BEGIN

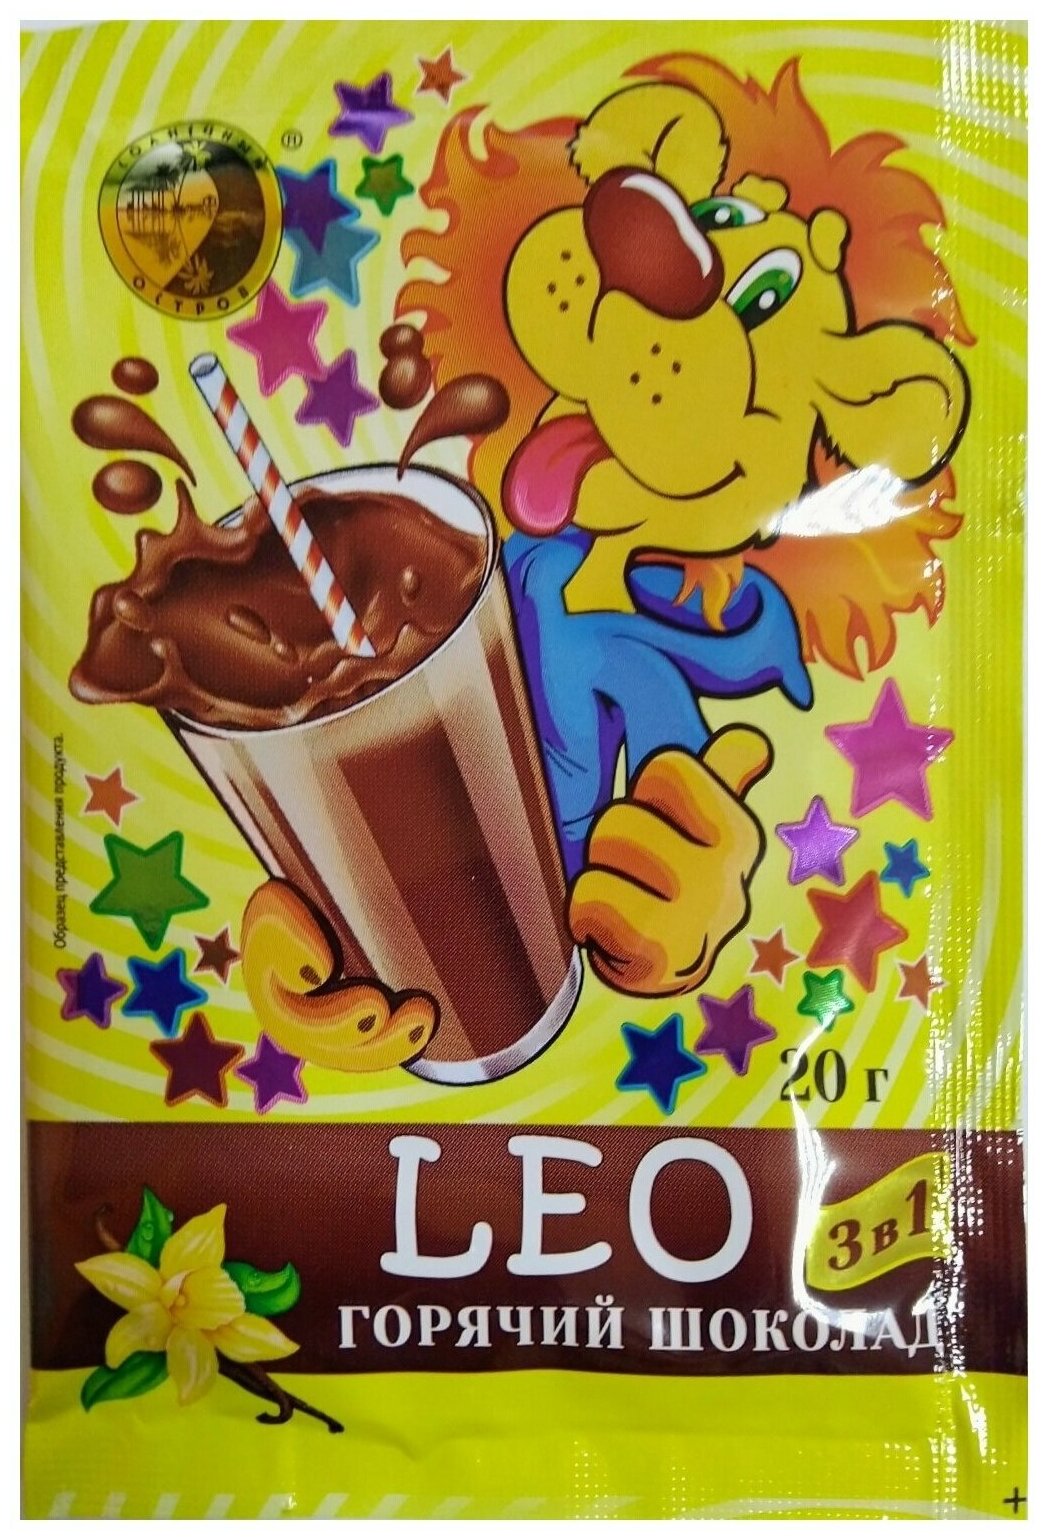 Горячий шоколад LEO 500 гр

END
BEGIN

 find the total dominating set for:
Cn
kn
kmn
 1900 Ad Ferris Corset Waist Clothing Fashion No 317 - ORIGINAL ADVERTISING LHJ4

END
BEGIN

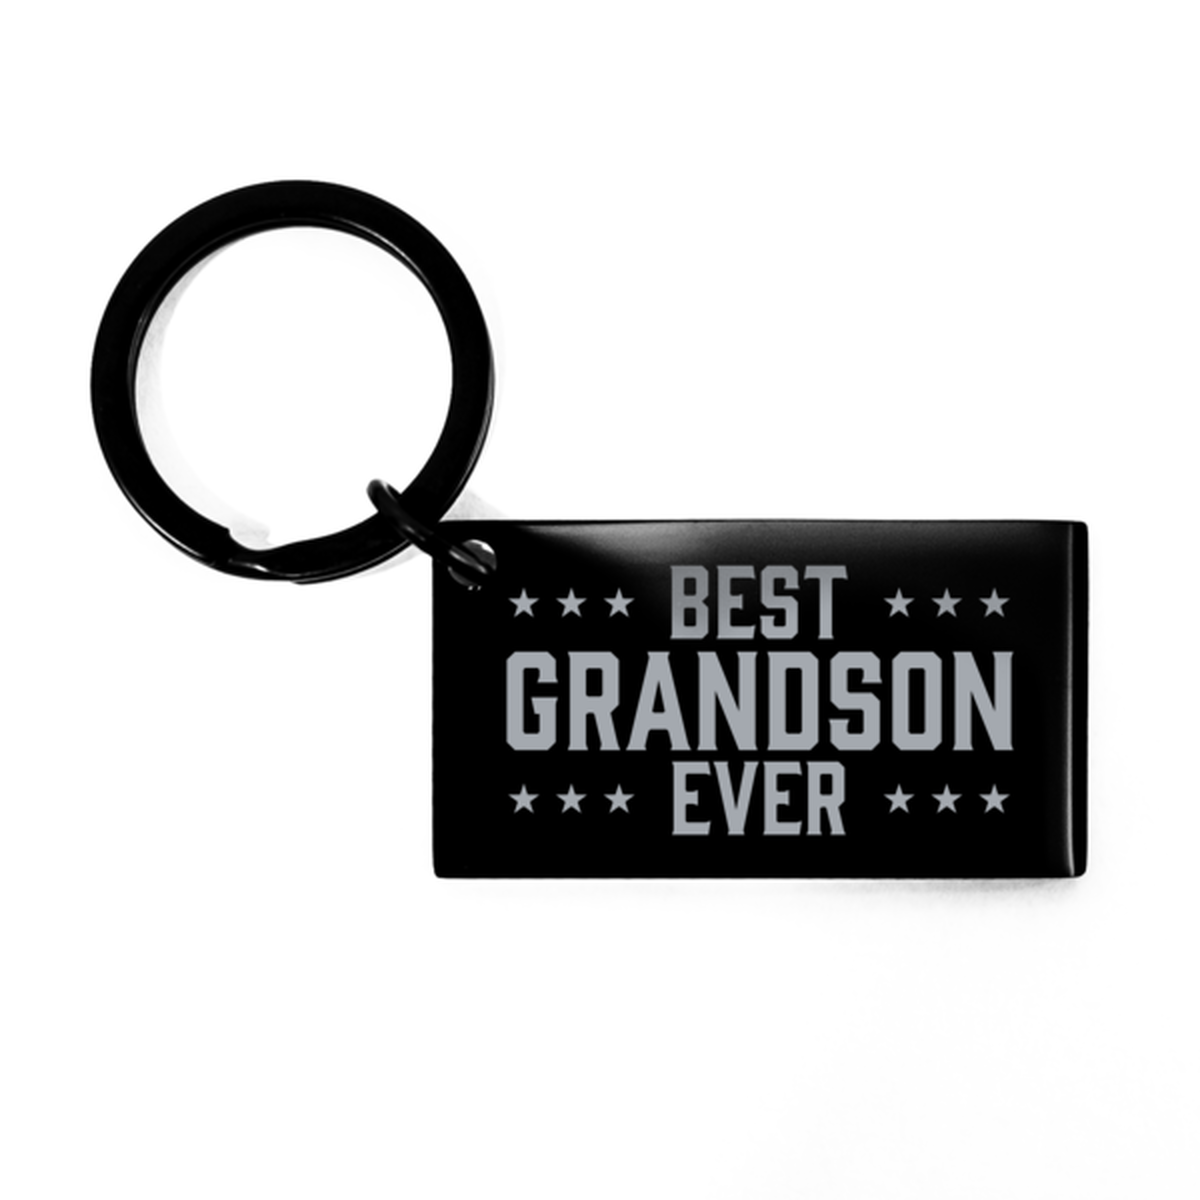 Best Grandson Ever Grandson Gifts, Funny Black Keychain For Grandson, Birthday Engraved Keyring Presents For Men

END

Out of the data above, give again only the lines starting at the one holding "find the total" and ending at the one holding "1900 Ad Ferris", unchanged.

**Response area**
 find the total dominating set for:
Cn
kn
kmn
 1900 Ad Ferris Corset Waist Clothing Fashion No 317 - ORIGINAL ADVERTISING LHJ4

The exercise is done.